The cinderlord’s ruby eyes held no pupils, so Cephas could not tell which of the prisoners in particular he was looking at when he leaned down, studying them. “There is much news in what you say, son of air. The WeavePasha makes use of the Spider That Waits after keeping it leashed for a century? A mythic champion troubles us no longer?” The blaze of the lord’s hair roared, and it leaned even closer. “One among our captives is of the Long Lost?”

“Do not trouble yourself, son of fire,” said Shahrokh. “You recognize the kenku. You see there are windsouled here, and one of them is the returned heir of Marod el Arhapan. But he does not require the cleansing you agreed to perform. He escaped the Almraivenar’s city before any traps were set in him.”

The efreeti examined first Cephas, then Ariella, pupil-less eyes flickering up and down. A tongue of fire, somehow immobile, appeared between his white fangs, and the tip of his enormous red nose trembled.

“No,” he agreed. “There is nothing of mortal magic about this pair, except in the armor they both wear and in the one’s paltry blade, which I see you have locked. This pleases me. Participating in your tiresome plots with the Calimien vassals was the most odious part of this business.”

Shahrokh glowered. “Be thankful, son of fire, that we are so close to realizing our shared goal. You are far from Memnon, and my warriors are well practiced at snuffing out flames.”

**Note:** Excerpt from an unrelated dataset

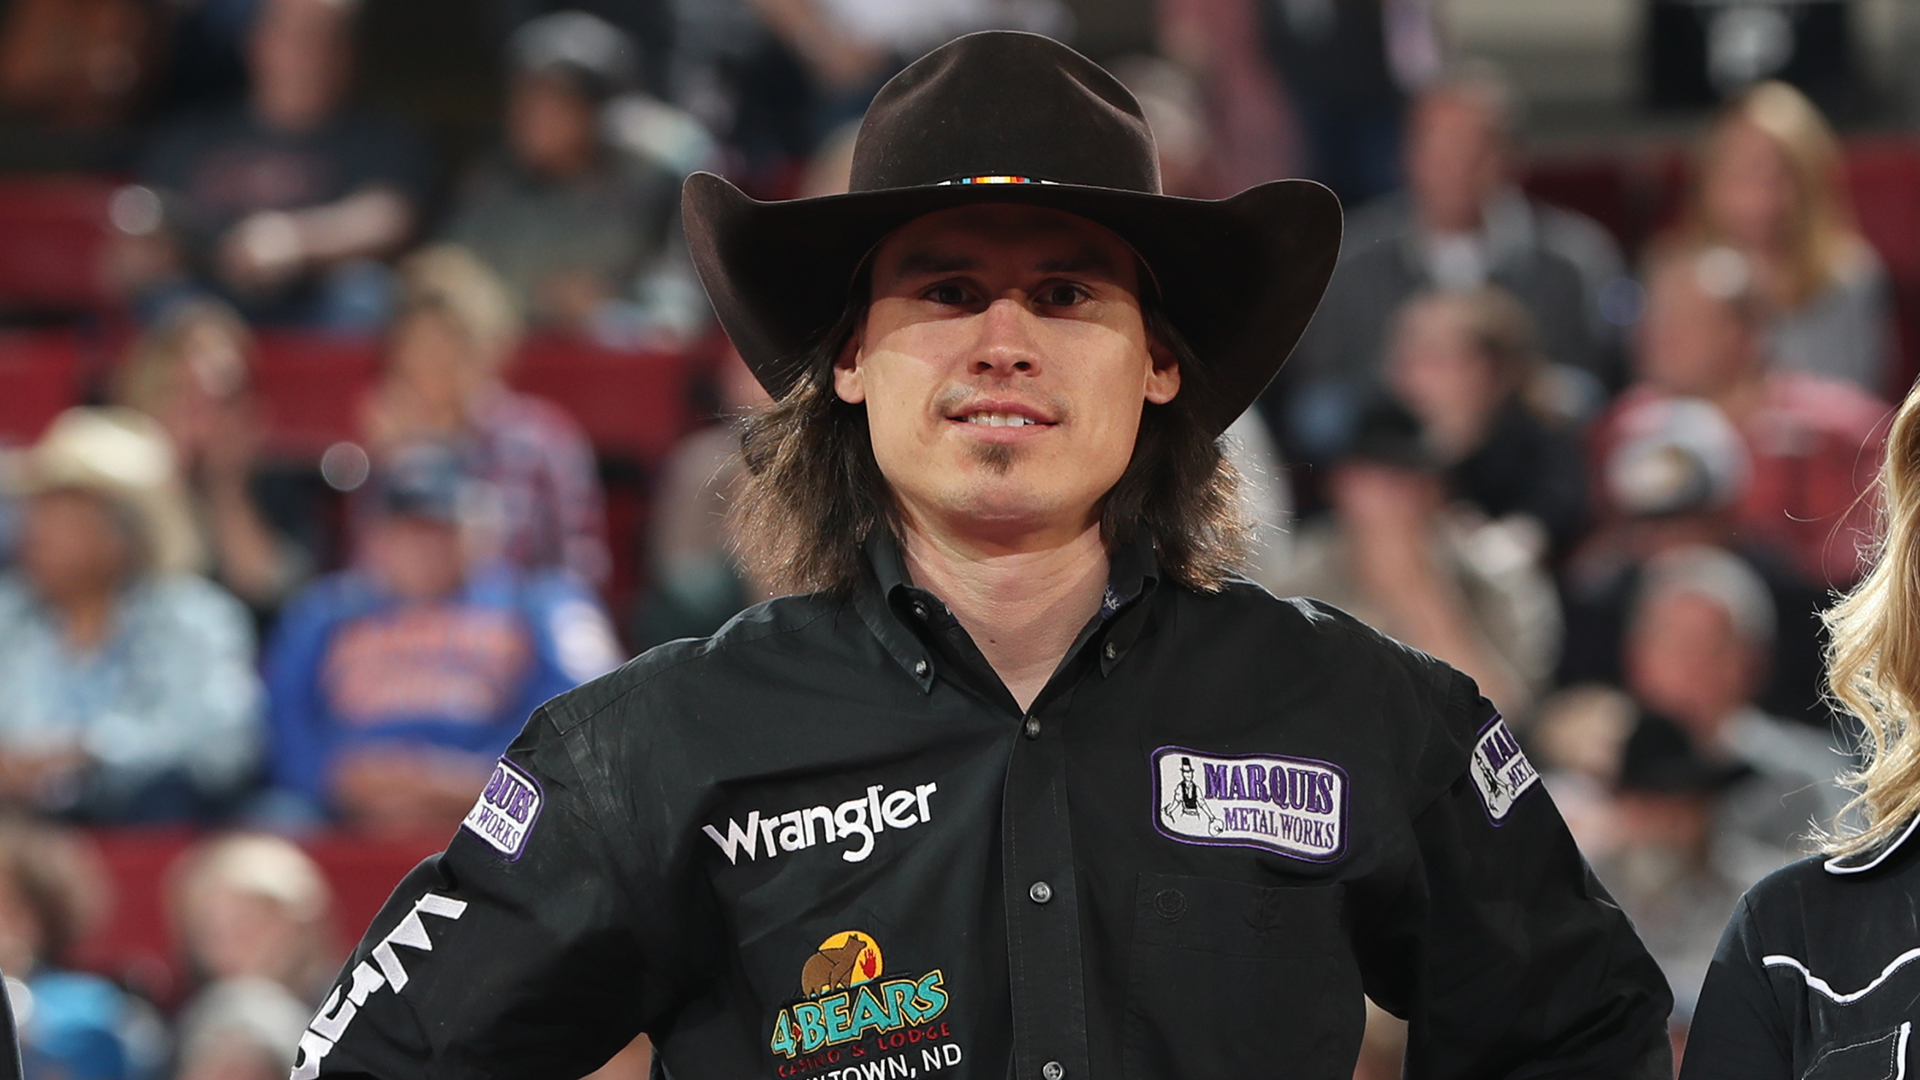 Stetson Lawrence (Chippewa/Sioux) Earns Round Win In Billings, Moves Into Top 20 Of World Standings
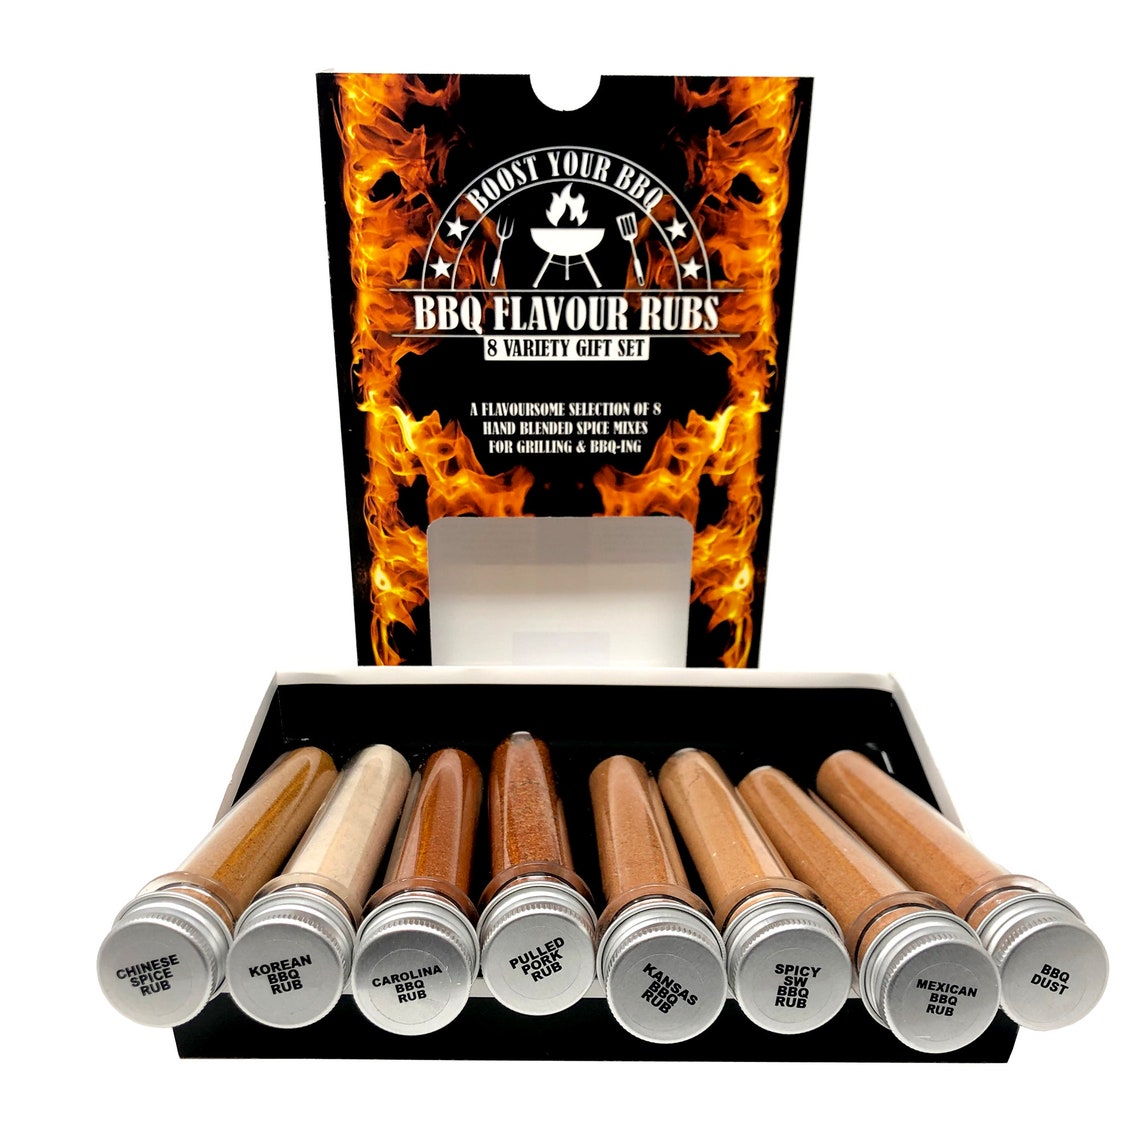 Gourmet BBQ Rub Gift Set Boost your barbecue with 8 hand

The cinderlord chuckled, and sparks flew from his mouth. “The pride of the djinn. So vast. So easily injured.”

The djinni growled. “I have suffered your stink in my nostrils long enough. Your role here, since I have no need of your scouring flames, is only to witness the return. Once that is confirmed, you may return to Memnon to ensure the match, and when the moon has turned, we will meet again in the Teshyllal Wastes, each with his half of the manuscript.”

“That is my most fervent wish, son of air, as you well know. If the kenku has done as you say, I trust that you will take steps to ensure you do not lose your half yet again.”

Thunder sounded, but the wind that rose with it held no hint of rain. “There will be no further delays, son of fire,” Shahrokh said. “Corvus Nightfeather, you are released from my bonds. The path to your demi-planar cache is restored.”

Corvus’s shoulders sagged, and Cephas realized that the invisible bonds holding the kenku must have been much tighter than those that held him and the others.

“What is this, Corvus?” he asked. “Am I this missing half?”

Corvus said, “I am sorry,” though he did not seem to be speaking to anyone present.

The kenku walked a few steps away from the others and passed his ebony claws before his breast feathers. His hand darted in, and when it came out, it held an object Cephas recognized. Gripped in the kenku’s taloned hand was Azad the Free’s Book of Founding Stories.

“Lords of the Firestorm!” shouted Corvus, using his ringmaster’s voice for the first time since Argentor. “I bring you the artifact stolen by Azad adh Arhapan when he fled the city of Calimport. It is unsullied, protected, and disguised yet by the magic of the djinn. Behold, the Book of Calim! Penned by his holy hand, conceived of the covenant of fire, the sole and sacred source of the Ritual of the Rising Wind. Blessed Calim’s assurance of the restoration that is coming!”